Our "Piny Woods Rooters" in the Southeast began with escaped swine brought along by Hernando DeSoto on his 16th century trek from what's now Florida through Georgia and out to the Mississippi River. Five centuries of free range stock raising down here have added to and combined with the feral Spanish hogs and resulted in our present stock.

In historic times truly wild European (Russian)Boar have been stocked in various places including the Smokey Mountains and elsewhere. Since they're all pretty much the same animals crosses have taken place.

I'm not sure what GLS was addressing with his post about Eurasian stock. The are lots of different native members of the swine family throughout Asia, Europe, Africa and India/Southeast Asia I believe. A close encounter with a wild hog can be a dangerous situation to be in...Geo

Posted By: GLS Re: Pig hunts in Texas? - 12/06/13 03:33 AM
http://oklahomainvasivespecies.okstate.edu/wild_boar.html
Posted By: Jagermeister Re: Pig hunts in Texas? - 12/06/13 03:36 AM
Gee with all those hogs running rampant some of you boys should visit local Academy Sports and pick up them Ithaca 37 Hogslayers.

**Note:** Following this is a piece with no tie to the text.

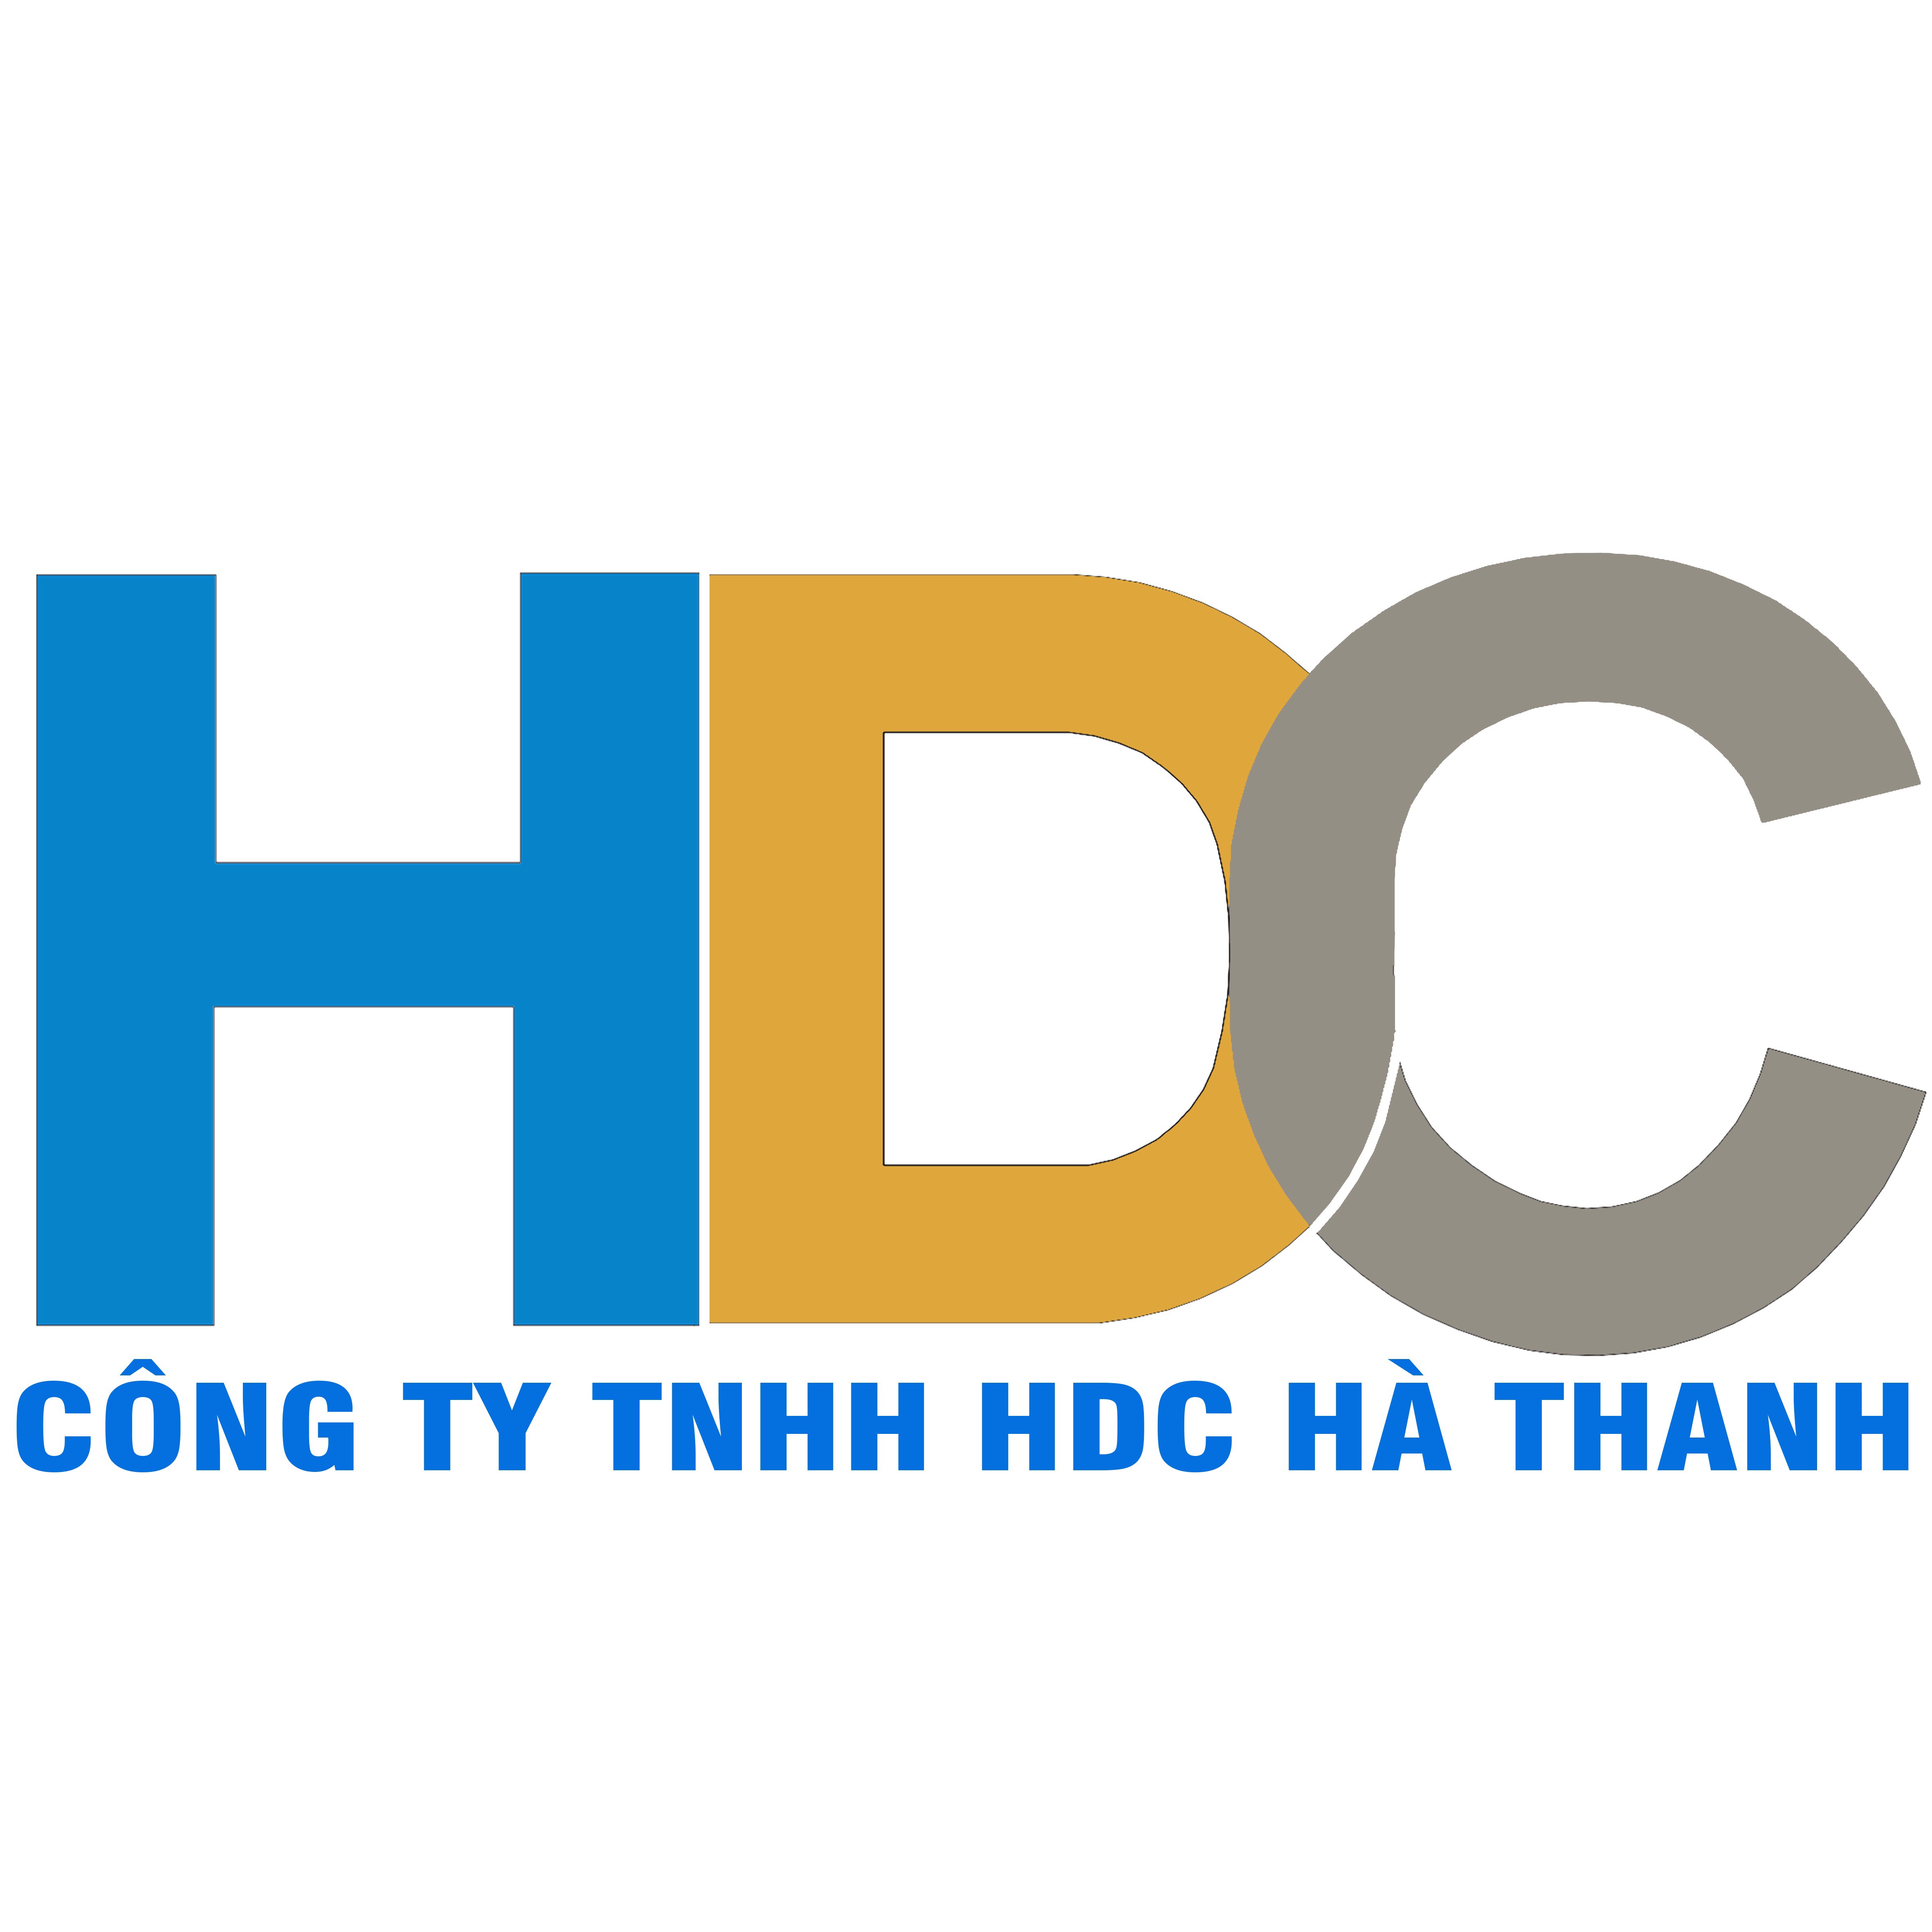  				Công ty TNHH HDC Hà Thanh				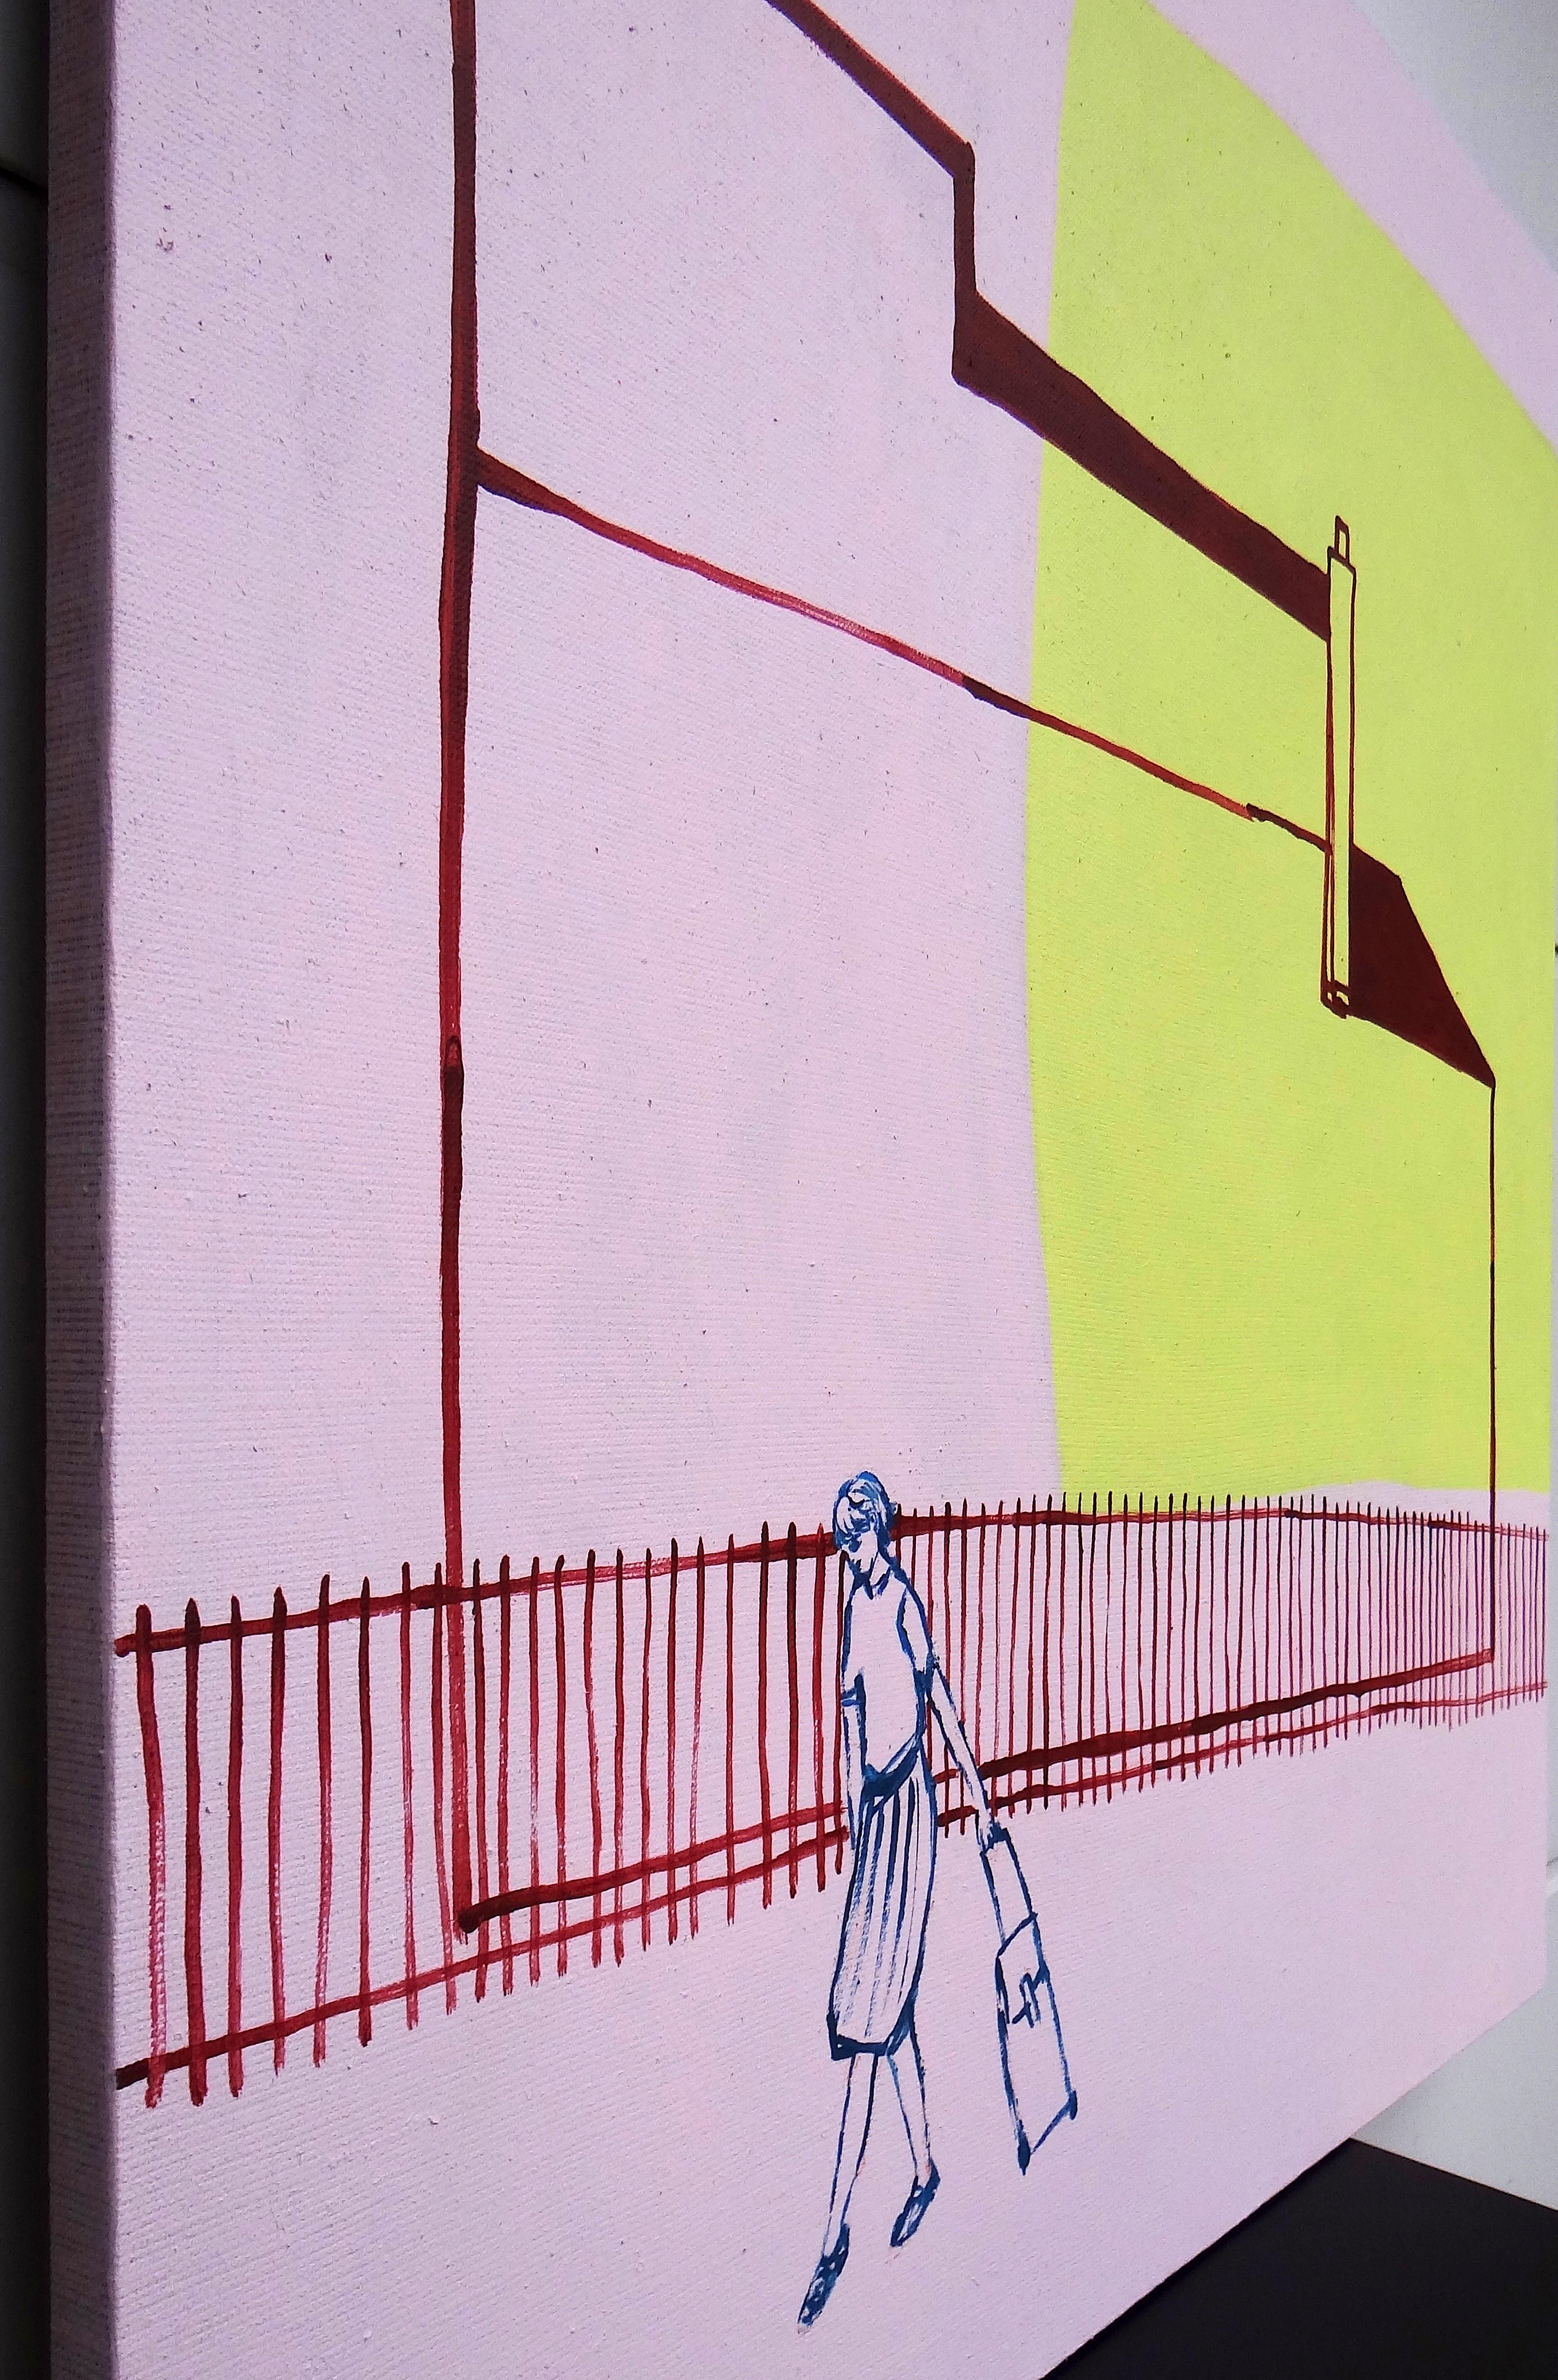 Carte postale de Zacisze - Peinture contemporaine expressive et minimaliste - Contemporain Painting par Joanna Mrozowska

It's long magazine tube gun with rifled barrel and hi visibility iron sights. I mean unlike them little birds you keep chasing hogs have lots of meat on them. As HJ said the meat is healthier then stuff you get at local supermarket. Remember our cultured British friends are fond of rook pies so there is no shame in eating wild pork.
Posted By: Geo. Newbern Re: Pig hunts in Texas? - 12/06/13 03:40 AM
Cross reference:

http://www.looduskalender.ee/en/node/18526

...Geo
Posted By: Ken Nelson Re: Pig hunts in Texas? - 12/06/13 05:29 PM
I think I'd prefer to take them with my Casull or my 29 Smith. That is if I could get close enough. My .405 '95 Winny could be fun too!